MM. Khatami et Moubarak se sont parlé mercredi en marge du Sommet de l’information à Genève. Aucun dirigeant égyptien et iranien d’un tel rang ne s’étaient rencontrés depuis la rupture des relations entre Le Caire et Téhéran, puissances régionales, après la révolution islamique de 1979.
M. Moubarak a souligné que c’était son homologue qui avait « demandé à (le) voir » et a qualifié les relations entre leurs deux pays de « normales ». Il ne s’est pas exprimé sur l’éventuelle réouverture de leurs ambassades respectives. Le président égyptien avait exclu en janvier une normalisation en expliquant que l’Iran abritait « des terroristes égyptiens ».
Cependant, le paysage régional a changé, et plusieurs signes spectaculaires ont manifesté depuis lors une volonté de surmonter une défiance séculaire entre Persans et Arabes. Le président Khatami a été l’un des premiers, le 17 novembre, à reconnaître le Conseil de gouvernement transitoire placé à la tête d’un Irak auquel l’Iran a fait la guerre pendant huit ans.
C’est le soutien apporté à l’Irak par le roi Hussein pendant ce conflit (1980-1988) qui avait rompu les relations entre Téhéran et Amman. Début septembre, Abdallah II a été le premier monarque jordanien à effectuer une visite en Iran depuis près d’un quart de siècle. Les liens avec l’Algérie ont quant à eux été formellement rétablis en 2000, mais aucun président algérien n’était venu en Iran depuis plus de 20 ans avant Abdelaziz Bouteflika en octobre. Alger et Téhéran avaient cessé de se parler en 1993. Alger accusait alors Téhéran de soutenir le Front islamique du salut. Les soupçons d’une aide iranienne aux organisations radicales, les craintes d’une propagation de la révolution islamique, conjuguées à l’antagonisme entre sunnites, majoritaires dans le monde musulman, et chiites, majoritaires en Iran, ont longtemps dressé nombre d’Arabes contre les Iraniens. Ils ont rassemblé les premiers derrière Saddam Hussein durant la guerre Iran-Irak.

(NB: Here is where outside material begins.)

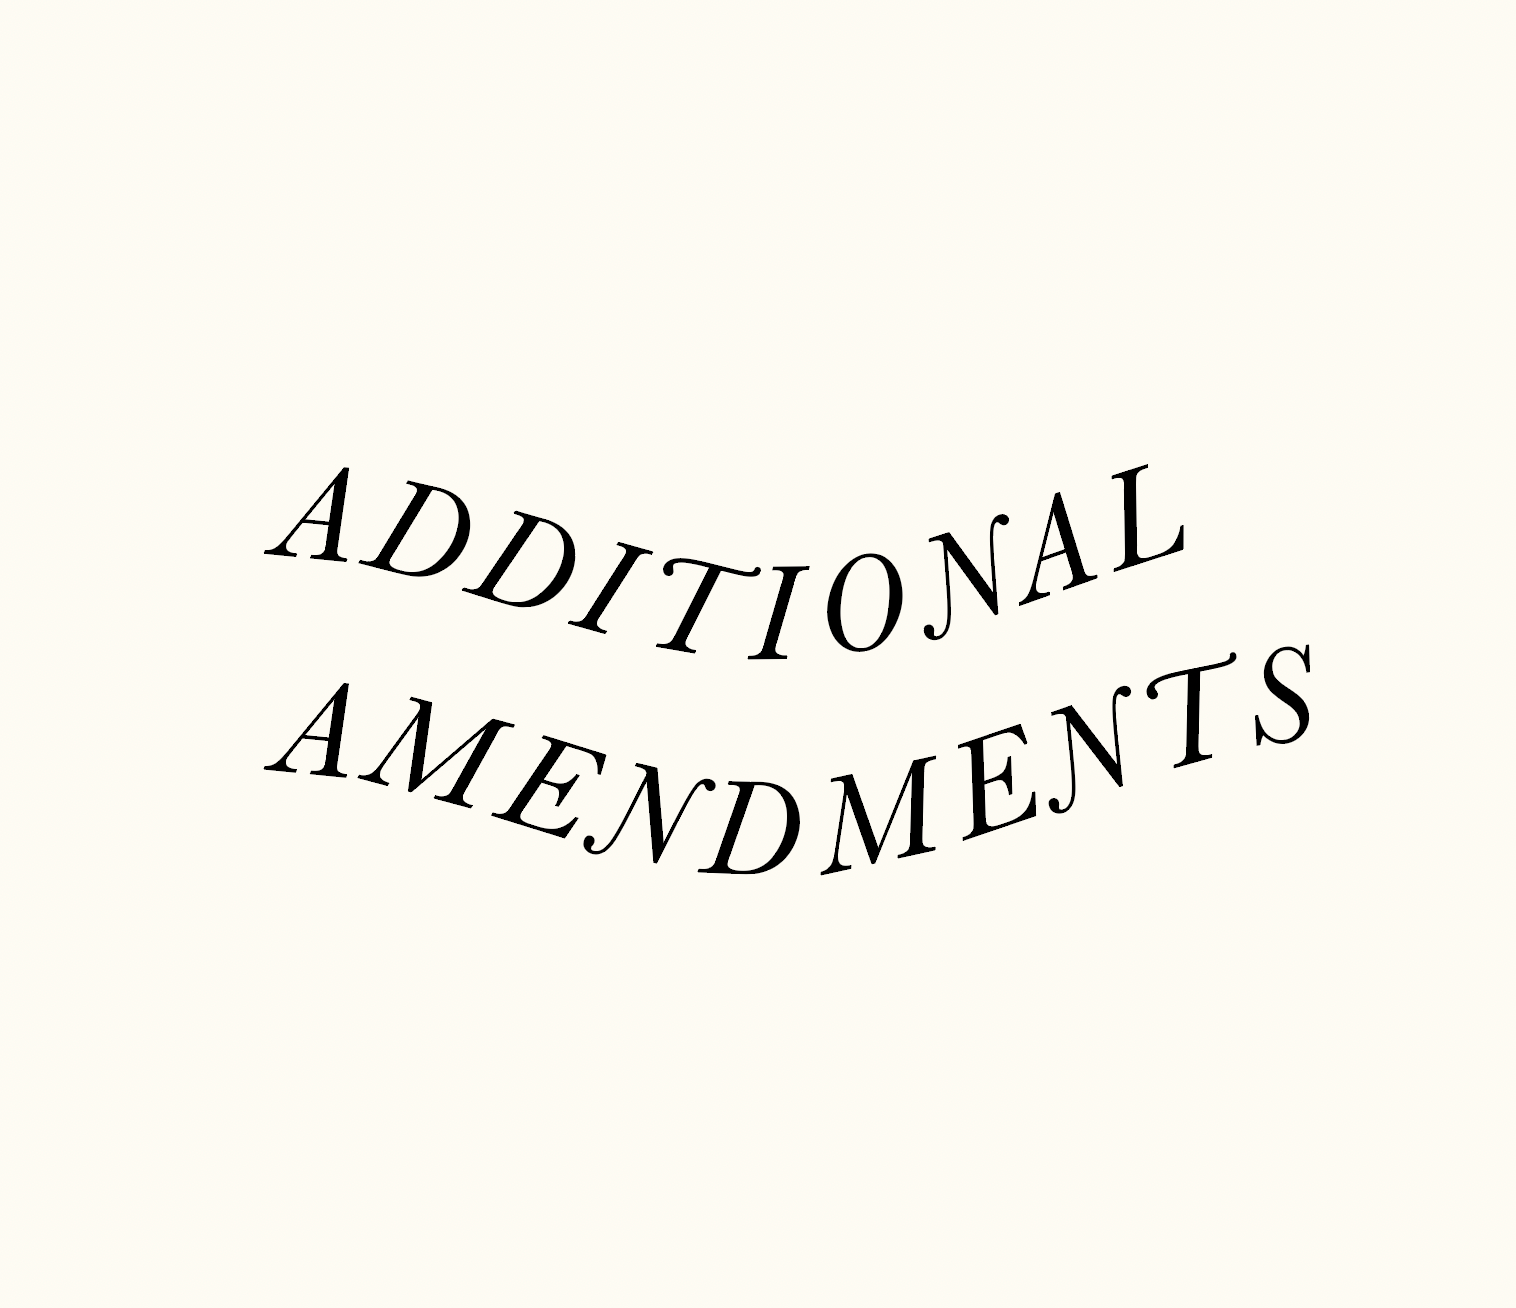 Additional Amendments
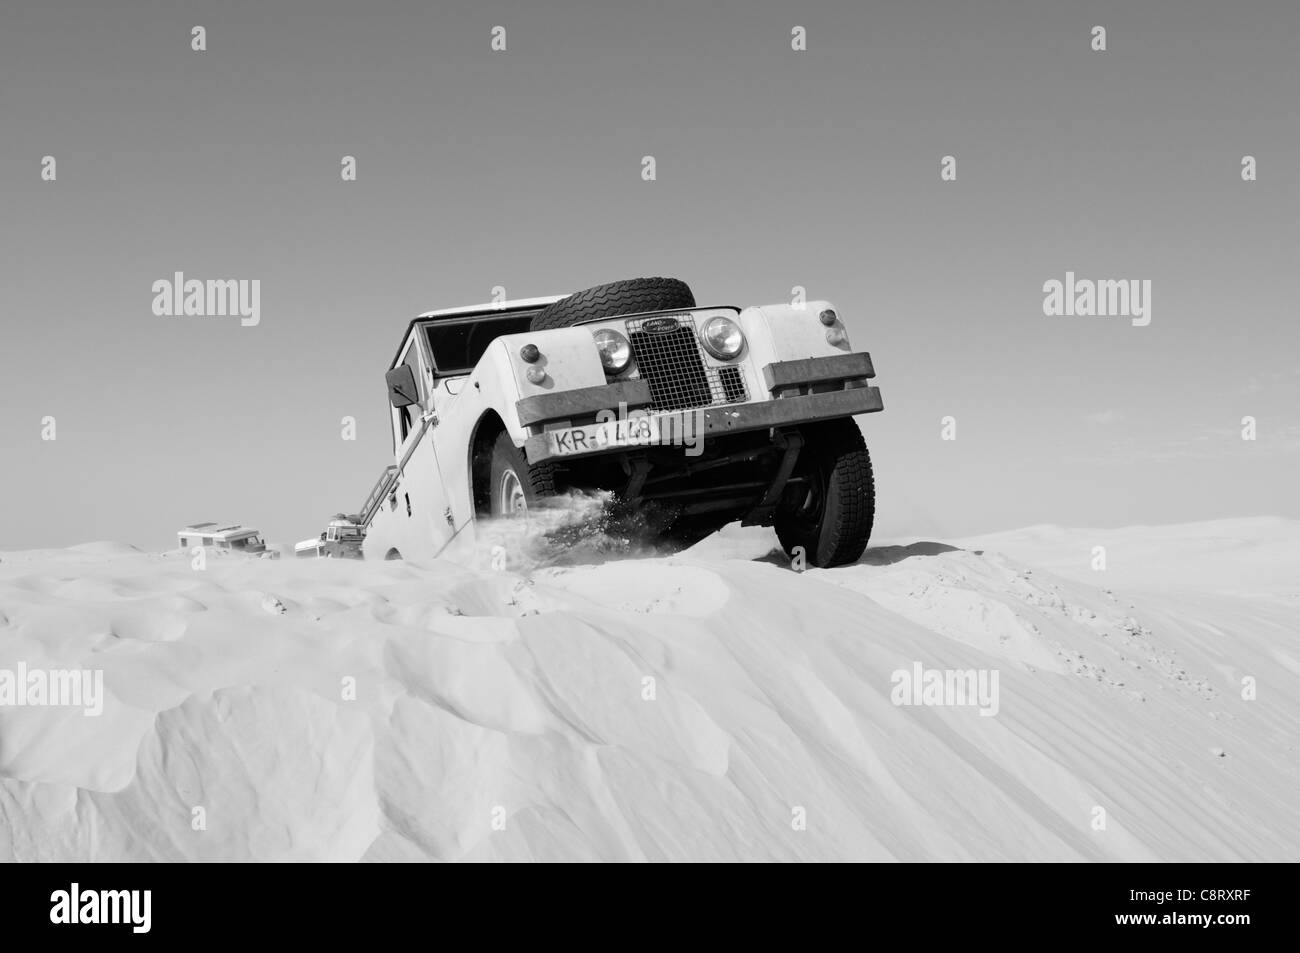 Afrika, Tunesien, nr. Tembaine. Wüste Reisende fahren seine 1964 Land Rover Serie 2a LKW-Kabine durch eine Sandfield nah an... Stockfoto

Élu à la présidence en 1997, M. Khatami a poursuivi la politique d’ouverture de son prédécesseur Akbar Hachémi Rafsandjani. Aujourd’hui, l’Iran demande le statut d’observateur à la Ligue arabe, qui est basée au Caire et où l’Égypte passe pour prééminente, et le secrétaire général de l’organisation, Amr Moussa, a accueilli « favorablement » cette requête.